### Dataset extract
================

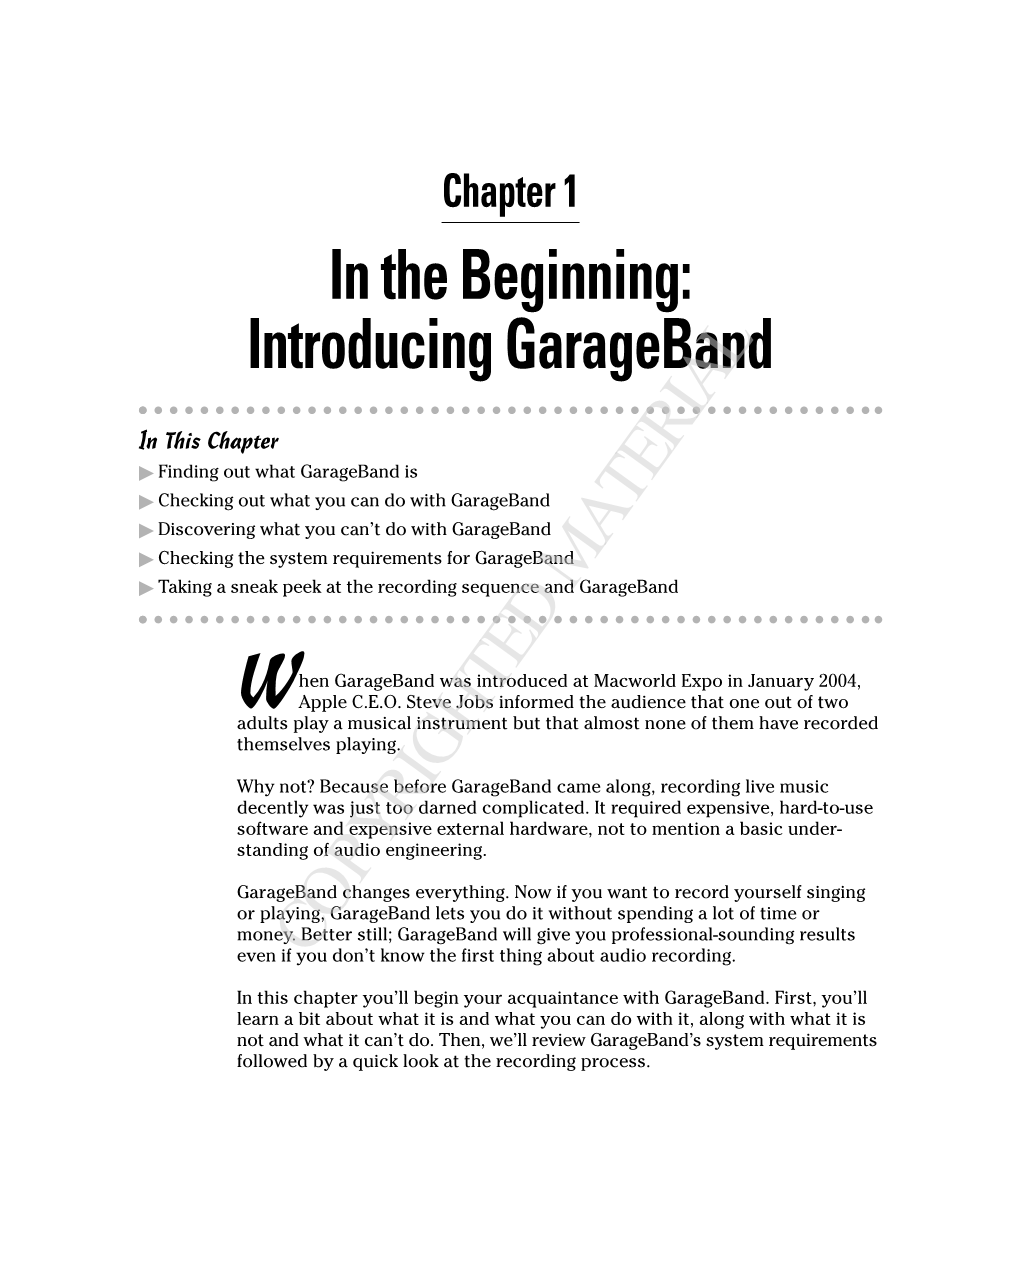 In the Beginning: Introducing Garageband
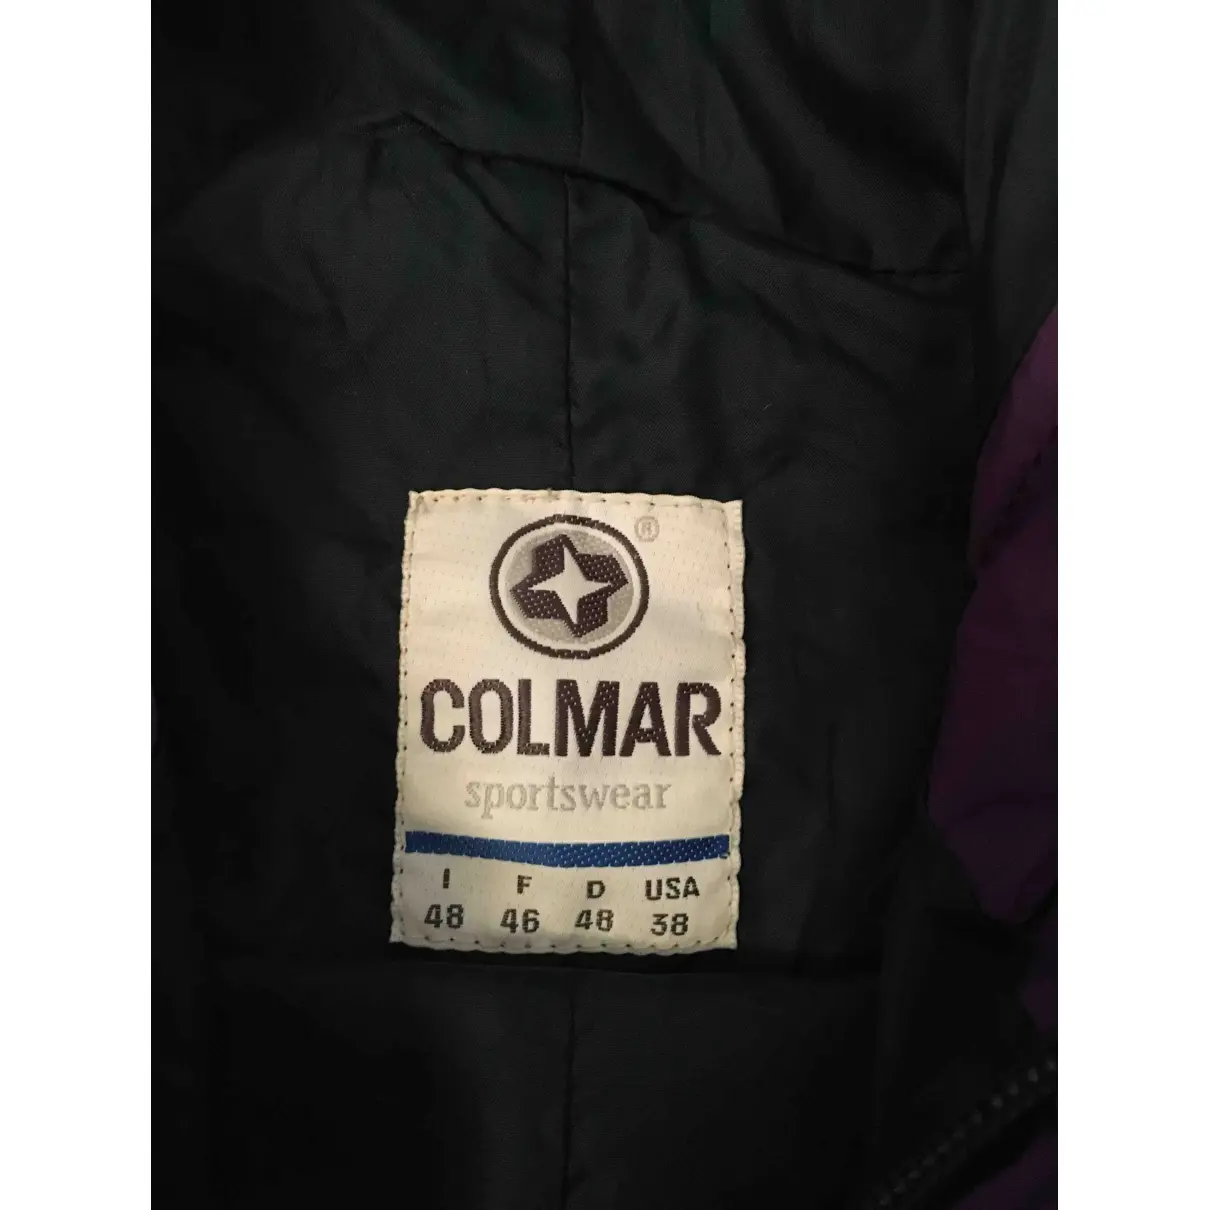 Buy Colmar Jacket online
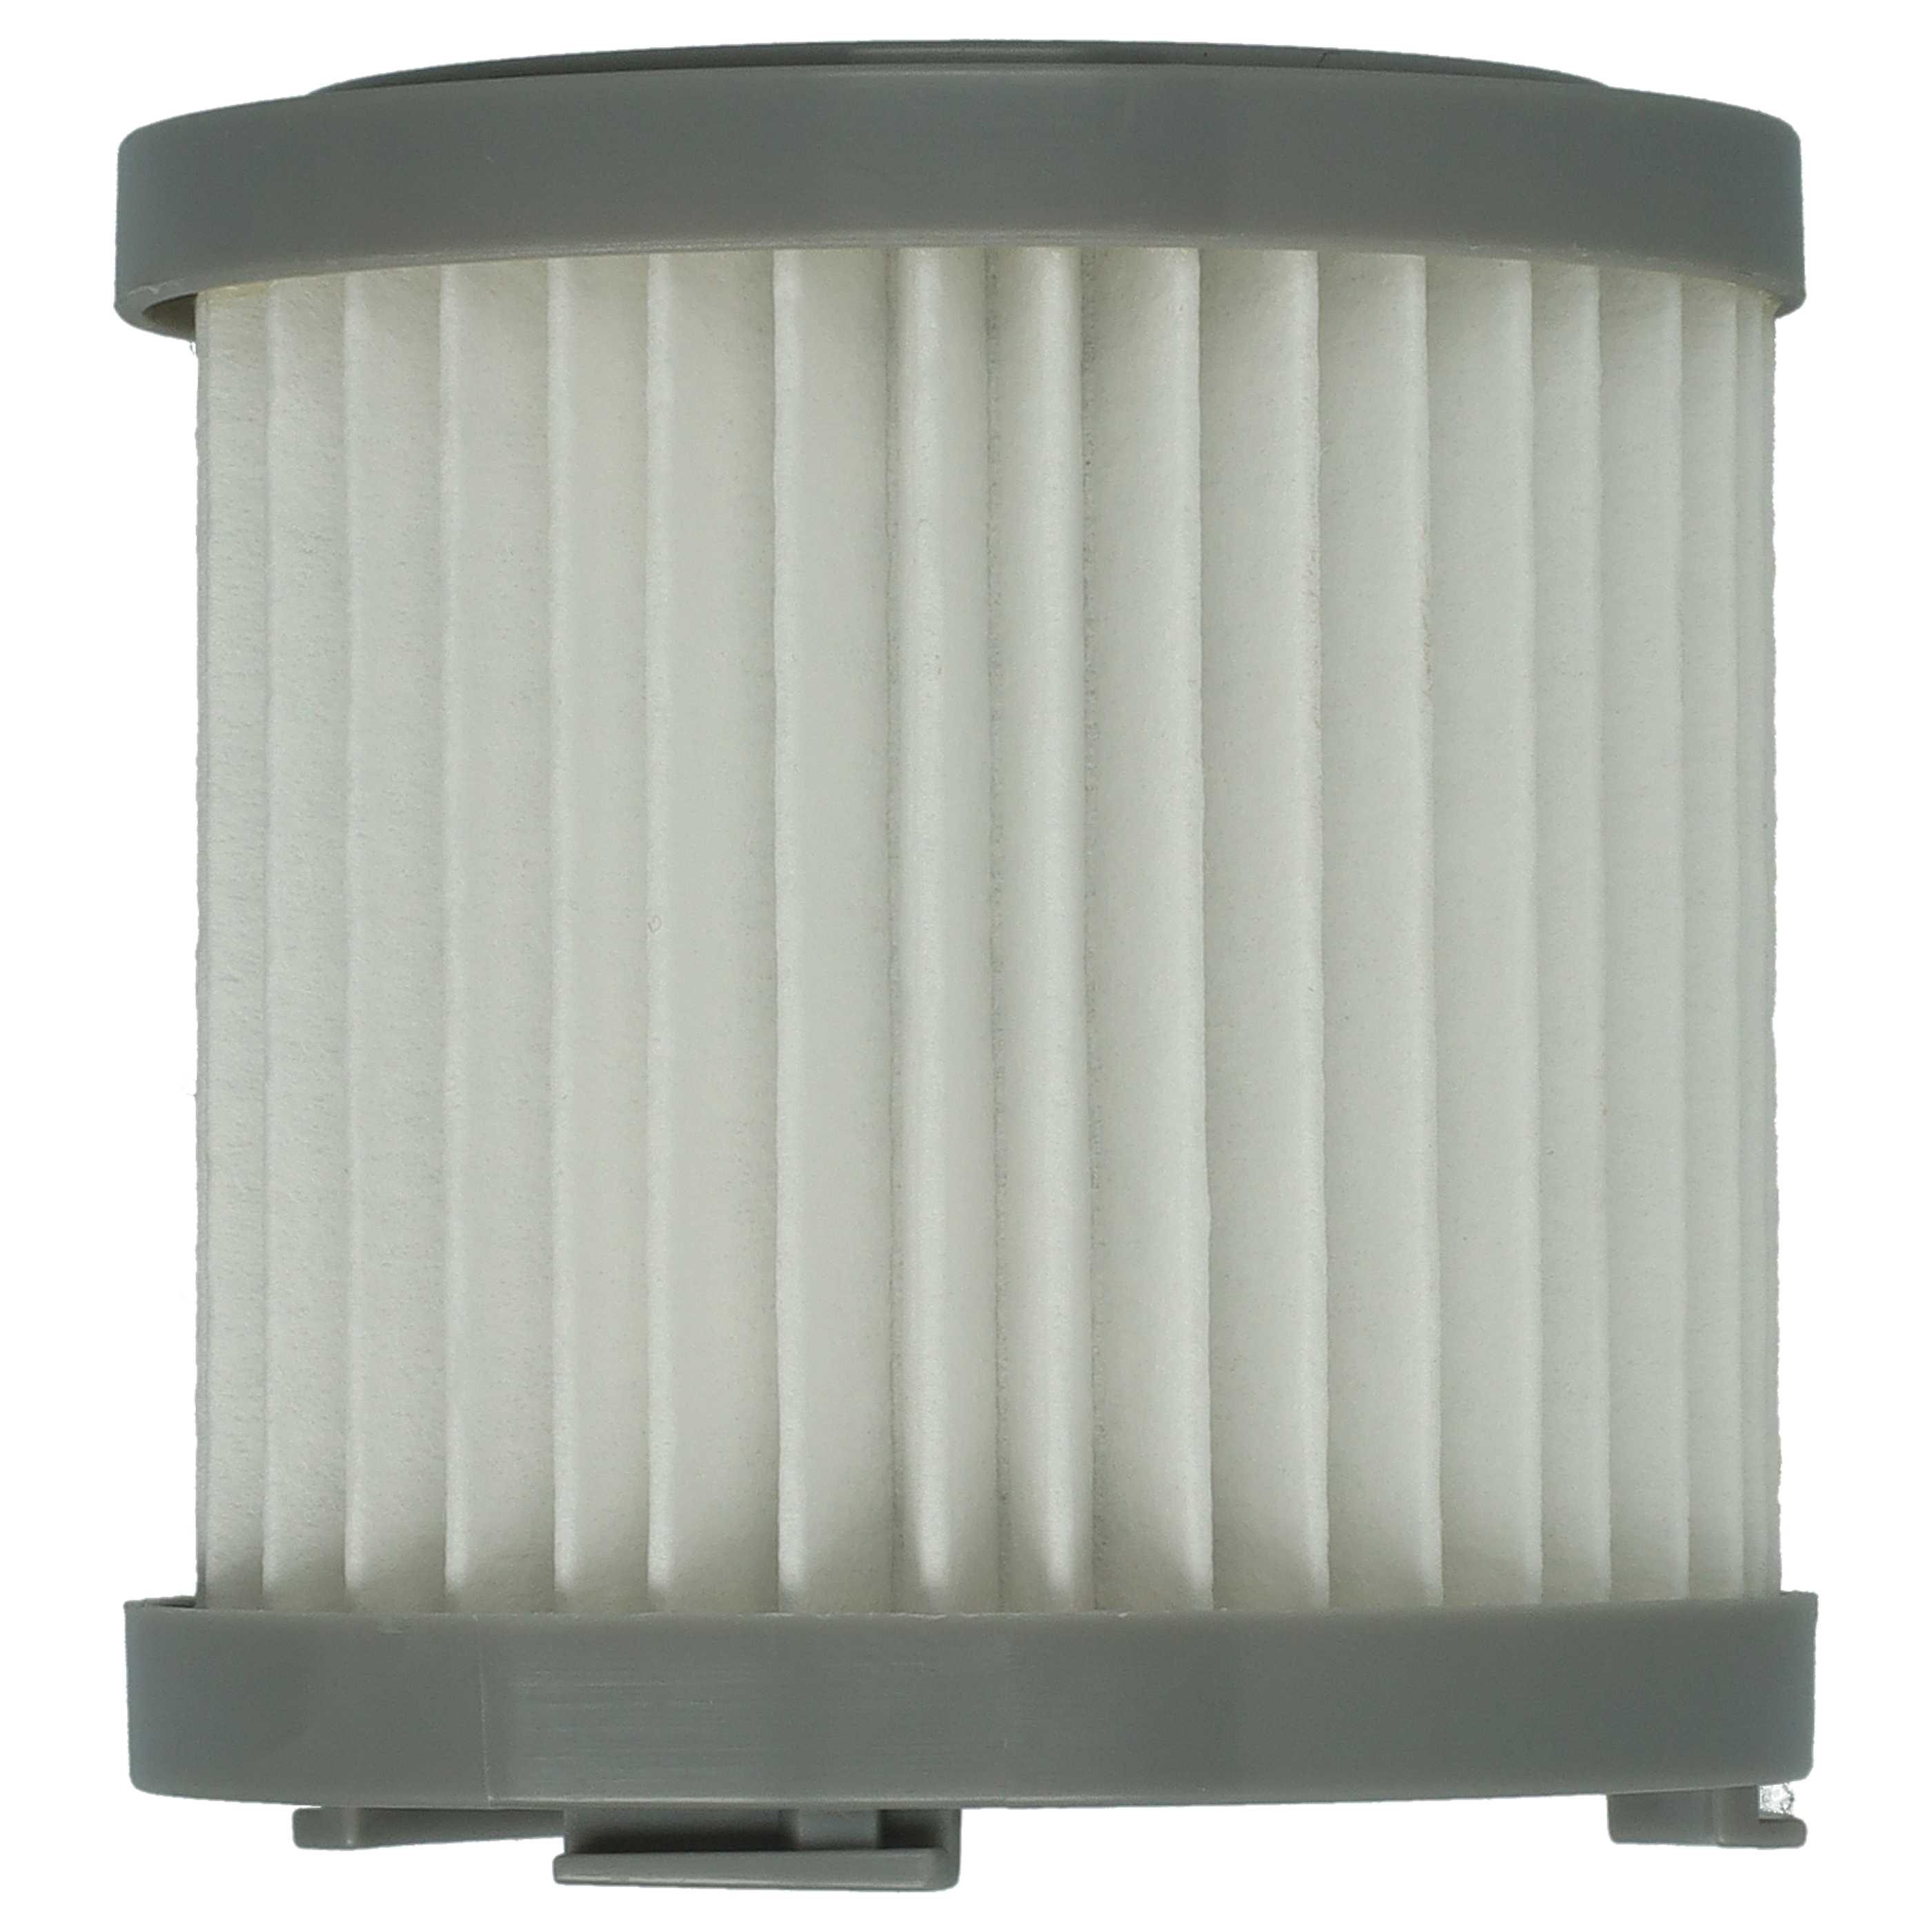 Filtro reemplaza AEG 4055453288 para aspiradora - filtro Hepa, blanco / gris

================

### Your assignment
A word-for-word retyping of the material above is expected, without pictures.

### Task result
 In the Beginning: Introducing Garageband
 Buy Colmar Jacket online
 Filtro reemplaza AEG 4055453288 para aspiradora - filtro Hepa, blanco / gris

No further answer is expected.